**WHAT THIS TASK INVOLVES:** For the material below, reproduce exactly each line from the one that has "Butterfly Blessings Sympathy" through the one that has "interior of levitt", and no others; pictures stay out.

**INFORMATION SHOWN:**
——

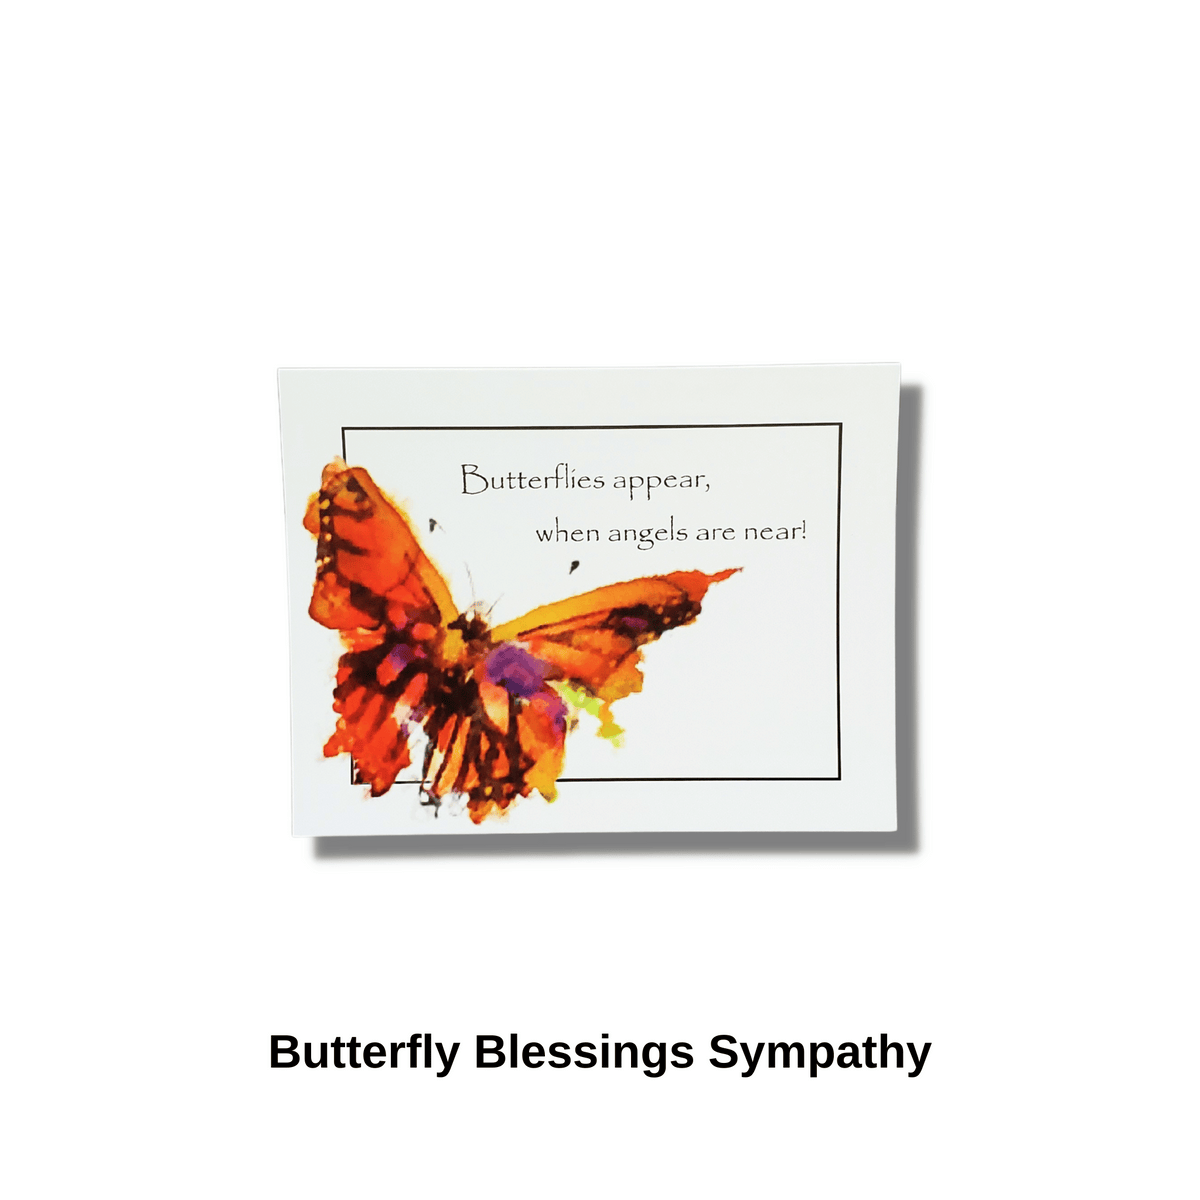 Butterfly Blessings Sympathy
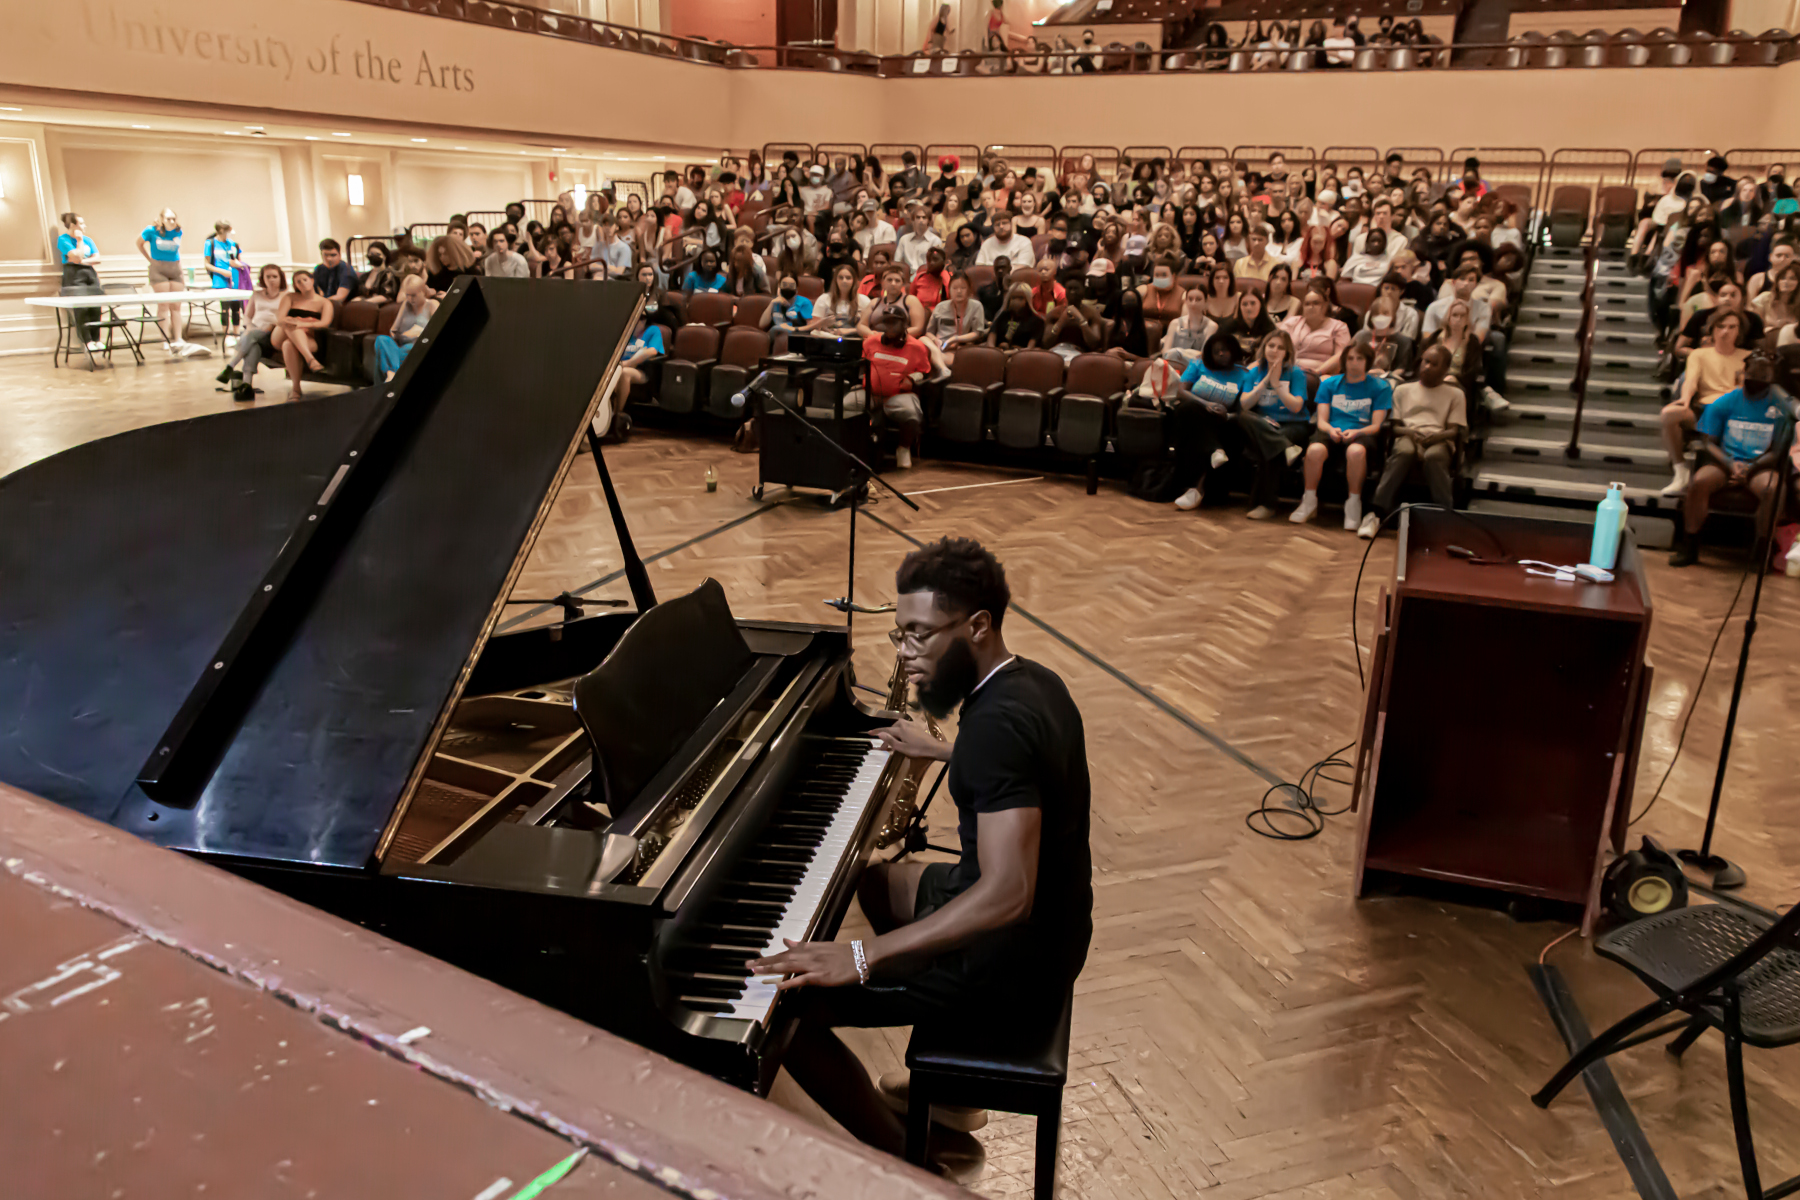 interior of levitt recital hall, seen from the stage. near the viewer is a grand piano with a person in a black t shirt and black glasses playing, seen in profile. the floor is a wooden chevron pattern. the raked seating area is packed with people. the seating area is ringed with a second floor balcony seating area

——

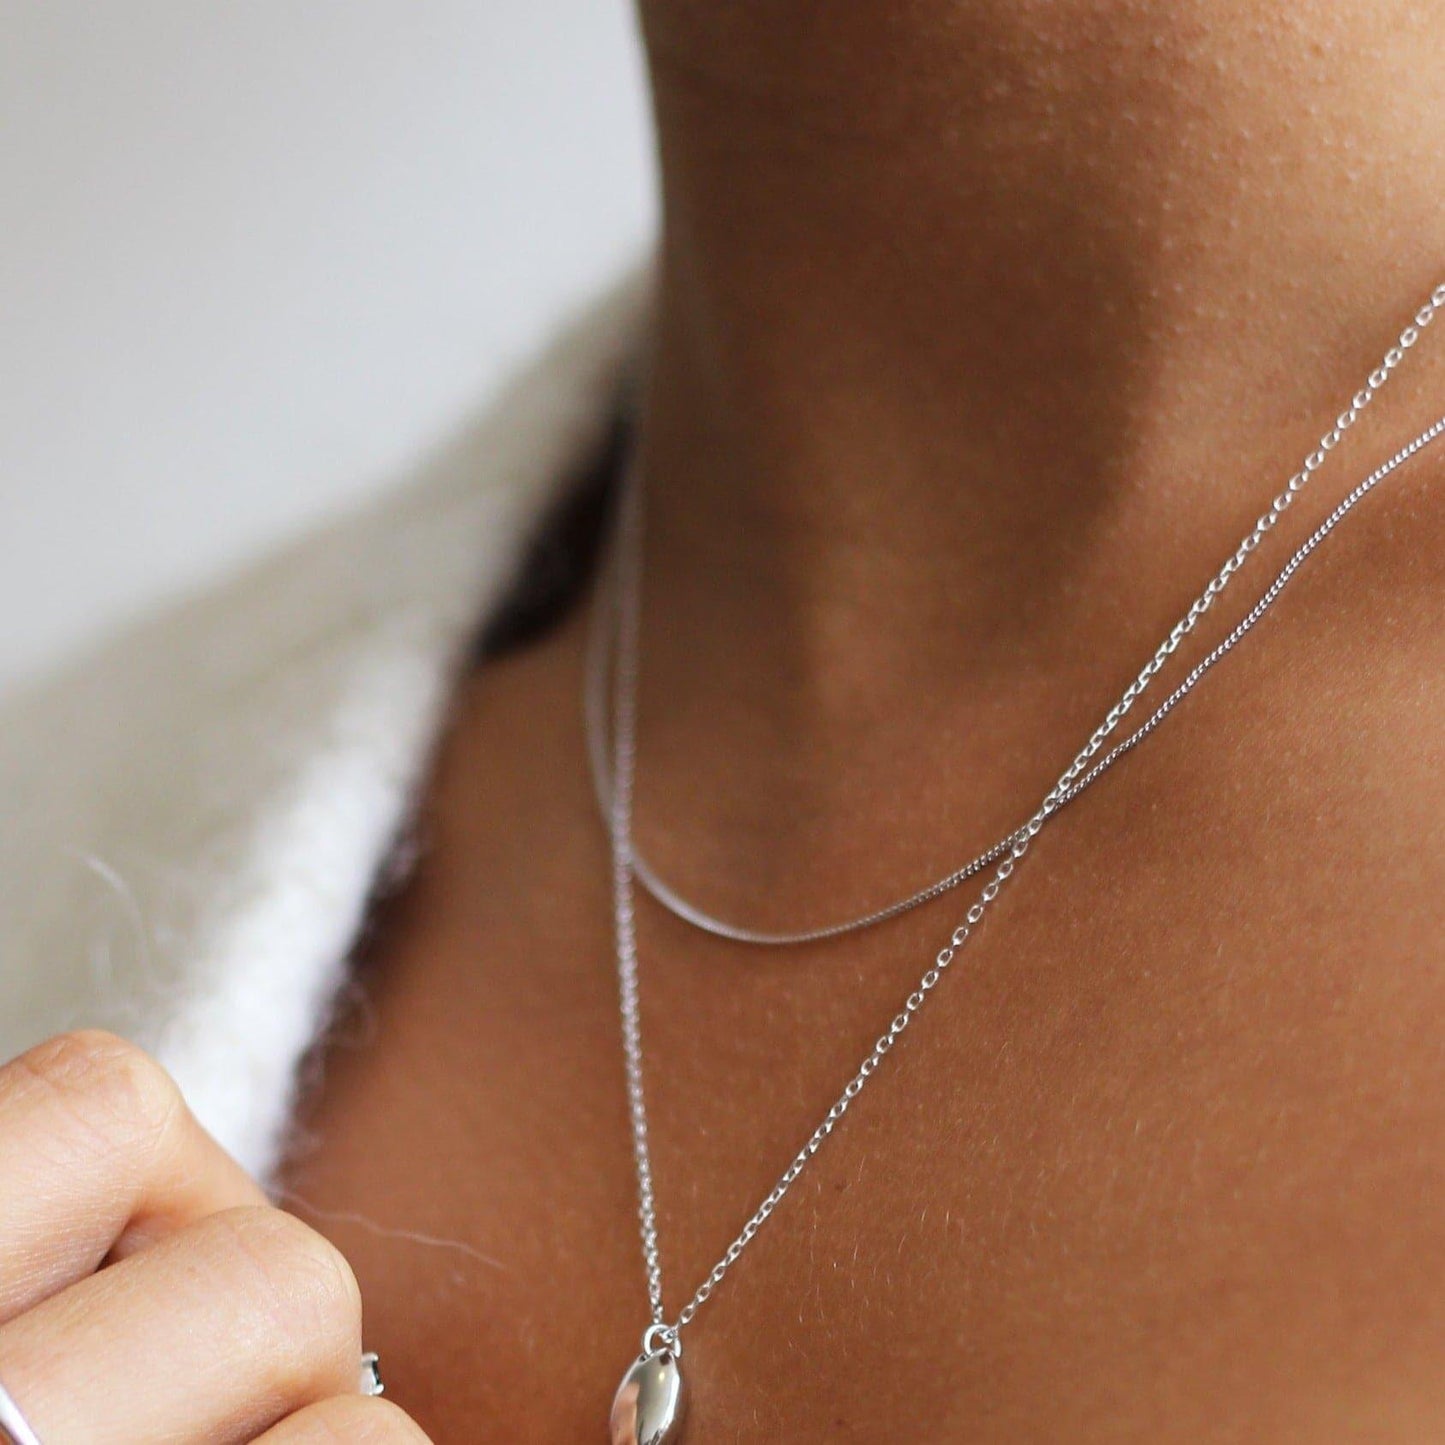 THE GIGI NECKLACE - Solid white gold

——

**REPLY:**
 Butterfly Blessings Sympathy
 interior of levitt recital hall, seen from the stage. near the viewer is a grand piano with a person in a black t shirt and black glasses playing, seen in profile. the floor is a wooden chevron pattern. the raked seating area is packed with people. the seating area is ringed with a second floor balcony seating area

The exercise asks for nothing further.